Our data on tree species of A. vociferans differ from those of AQUINO and ENCARNACIÓN (1986), who reported that the most frequently used sleeping sites for A. nancymae (A. nancymai) and A. vociferans were Eschweilera sp. (40.207o), M. acaciifolium (12.007o), Campsiandra laurifolia (10.801o), and C spruceanum (9.001o).
Sleeping
sites formed in holes and situated in trunks and branches of dry senescent and
mature trees were classified as Type A. The access route in Type A sleeping
sites was by thin trunks and branches of neighboring trees, climbers, and vines.
This vegetation structure provided optimal conditions of shelter and security
from predators (AQUINO & ENCARNACIÓN, 1986). Access holes in some
cases were exposed, and in other cases were partially or almost totally
protected by vines and hemiepiphytes. AQUINO and ENCARNACIÓN (1986) state
that A. vociferans exclusively uses sleeping sites with protected Type
A holes. However, in the Nanay river area, we observed a group of three animals
on a sheath of a M. flexuosa palm tree in the upper light concavity of
this tree (Fig. 3). According to AQUINO and ENCARNACIÓN (1986), this
sleeping site classifies as Type C site that is normally used exclusively by
A. nancymae in inundated forest. However, the use by A. vociferans
of Type C site in this study suggests that A. vociferans use of Type
C sleeping sites is a behavioral adaptation. Forest degradation from intense
selective logging, agricultural activity, and light hunting pressure of Aotus
sp. may contribute to the reasons why A. vociferans use Type C sleeping
sites. The future existence of wild Aotus populations, and other forest
fauna and flora, requires alternative plans of natural resource management with
the participation of communities bordering Aotus habitats.
Fig. 3. Sleeping site in the small concavity of foliar she the of Mauritia flexuosa.

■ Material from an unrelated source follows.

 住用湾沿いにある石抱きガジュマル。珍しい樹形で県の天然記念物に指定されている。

From the five forms of sleeping sites for A. vociferans, recorded by AQUINO and ENCARNACIÓN (1986), the sub-axial (Ac) and lateral (Ae) forms were most frequent, 46.6 and 31.1% respectively. We found differences between the river basins studied with regard to the presence or absence of certain forms of sleeping sites. In the Nanay forests, we did not find the apical position with reiterations (Ab) or sub-apical position (Ad) forms, while in the Napo river forests, all of the five forms were present (Fig. 4). In the Napo river forests, there is a greater diversity of arboreal floristic composition. This diverse floristic composition offers an abundance of climbers, vines epiphytes, and hemiepiphytes of ombrophyls on the emergent trees. This vegetation protects the animals from adverse weather conditions, direct sunlight exposure, and predators.

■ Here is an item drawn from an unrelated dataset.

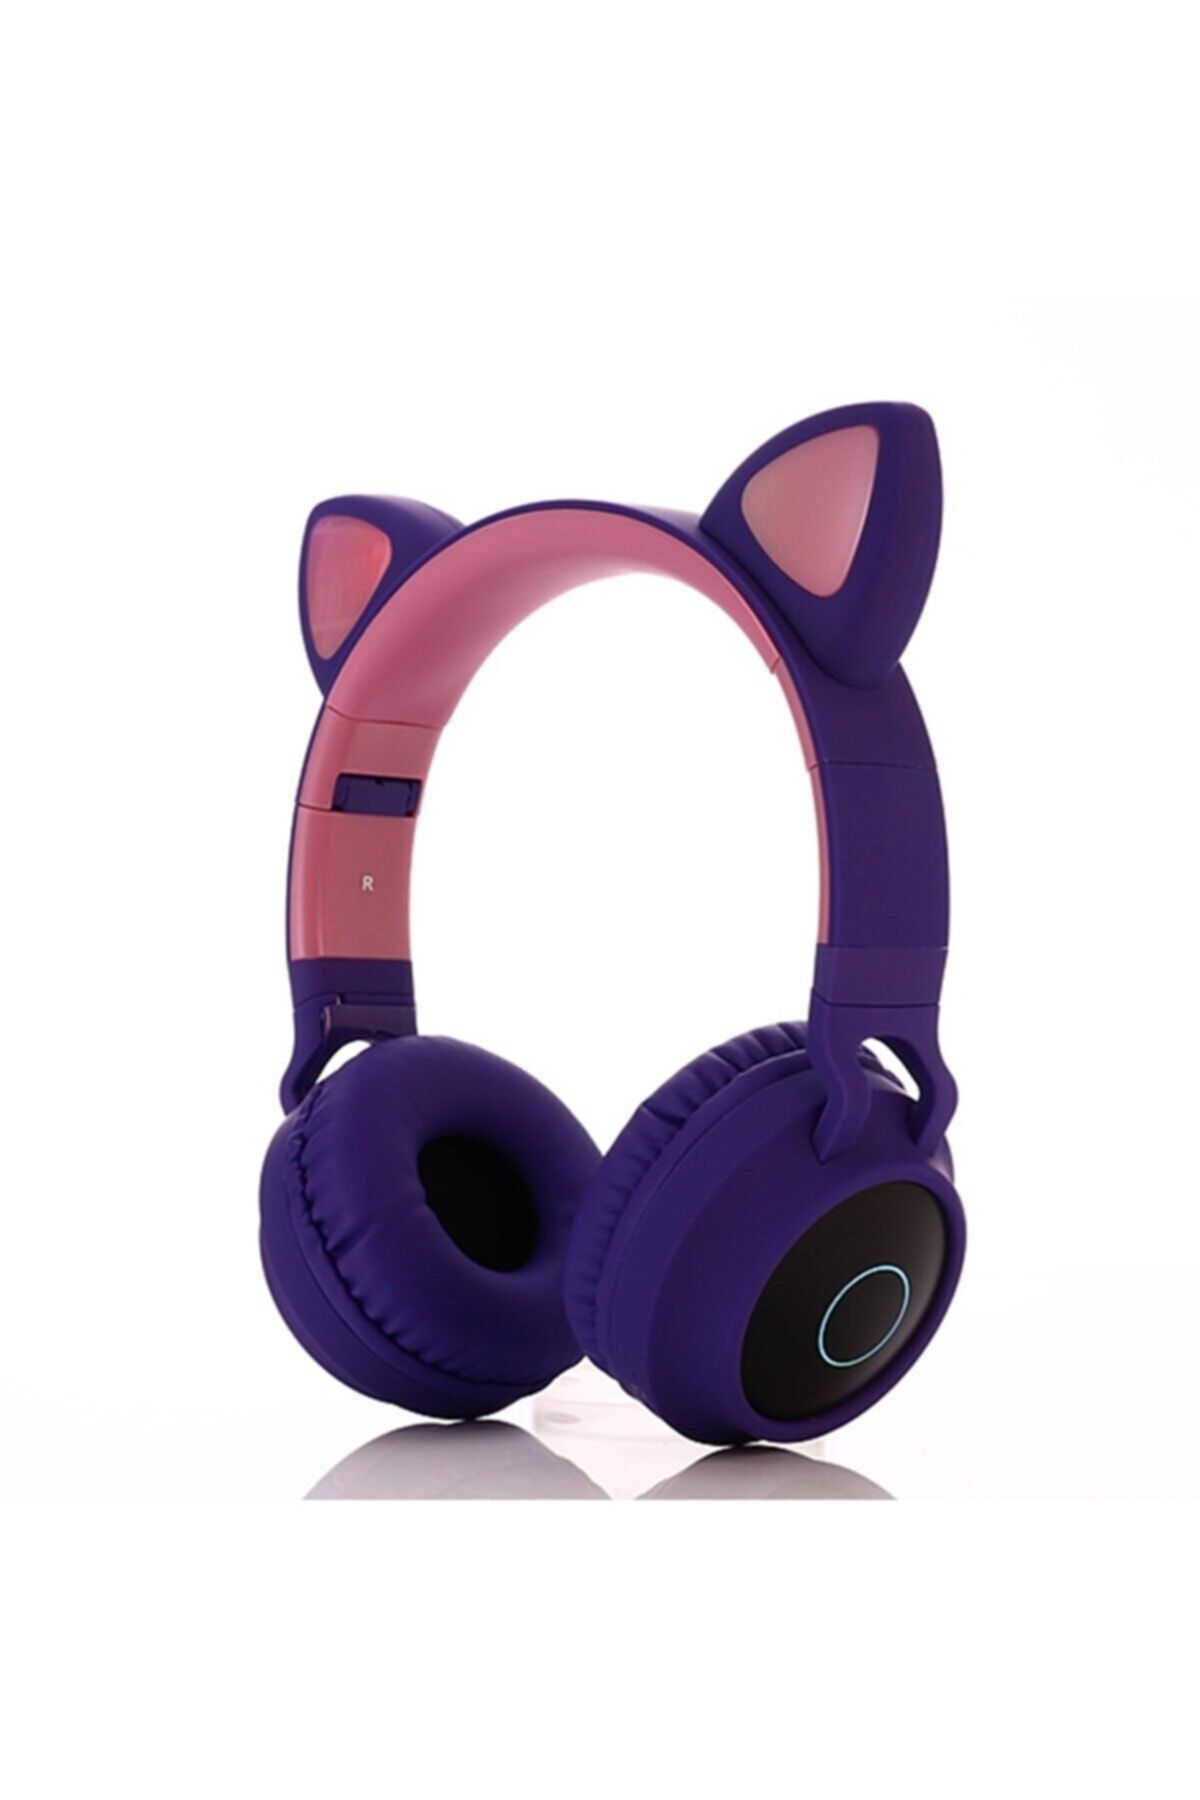 T G Kedi Kulaklı Kulaklık Led Işıklı Mikronlu Hafıza Kartı/Aux Girişli Kablosuz Bluetooth Kedi Kulaklık

Cohabitations and competitive interactions using sleeping sites between Aotus and other mammals occur with some frequency. In this report we did not record direct competition as AQUINO and ENCARNACIÓN (1986) described. These investigators stated that competition occurs when the sleeping site cavity is small and shallow, and has only one access orifice. In contrast, cohabitation occurs in sleeping sites formed by wide and deep cavities with more than two access orifices, and surrounded by hemiepiphytes and hemiparasites that form steps or perches available for the animals. In our observations cohabitation between A. vociferans and other mammals occurred with more frequency than competitive interactions due to the greater availability of holes in trees with sufficiently large internal cavities in their trunks or with branches showing favorable diurnal habitats.
The results of our study describe the joint utilization of a sleeping tree between night monkeys and other nocturnal mammals (cooccupation). To our knowledge, this is the first documented report of cooccupation within Aotus sp.
Fig. 4. Frequence and use of the forms of the sleeping sites. Aa: Apical position; Ab: apical position with reiterations; Ac: sub-axial position; Ad: sub-apical position; Ae: lateral position (AQUINO & ENCARNACIÓN, 1986).
Acknowledgements. Our special thanks to the guides and field workers, Mr. GILBERTO ASIPALI, MILTON AHUANARI, and DESIDERIO MARICHI. We are thankful to Prof. RAMON CORDOVA for drawing the sleeping sites of nocturnal mammals and Miss NELLY TANCHIVA for typing the manuscript. Also we wish to thank Dr. RICHARD E. BODMER the University of Florida, and the Wildlife Group of the Amazon Conservation Fund (WACF), and Nicole Gottdenker for their valuable observations and suggestions on the manuscript, and Eng. RODOLFO VASQUEZ of Peruvian Flora Project, for the identification of botanical samples. This work was financed by the Peruvian Primatological Project "Manuel Moro Sommo" (written agreement AMRO 3171, Peru between OPS/OMS and Peruvian Government).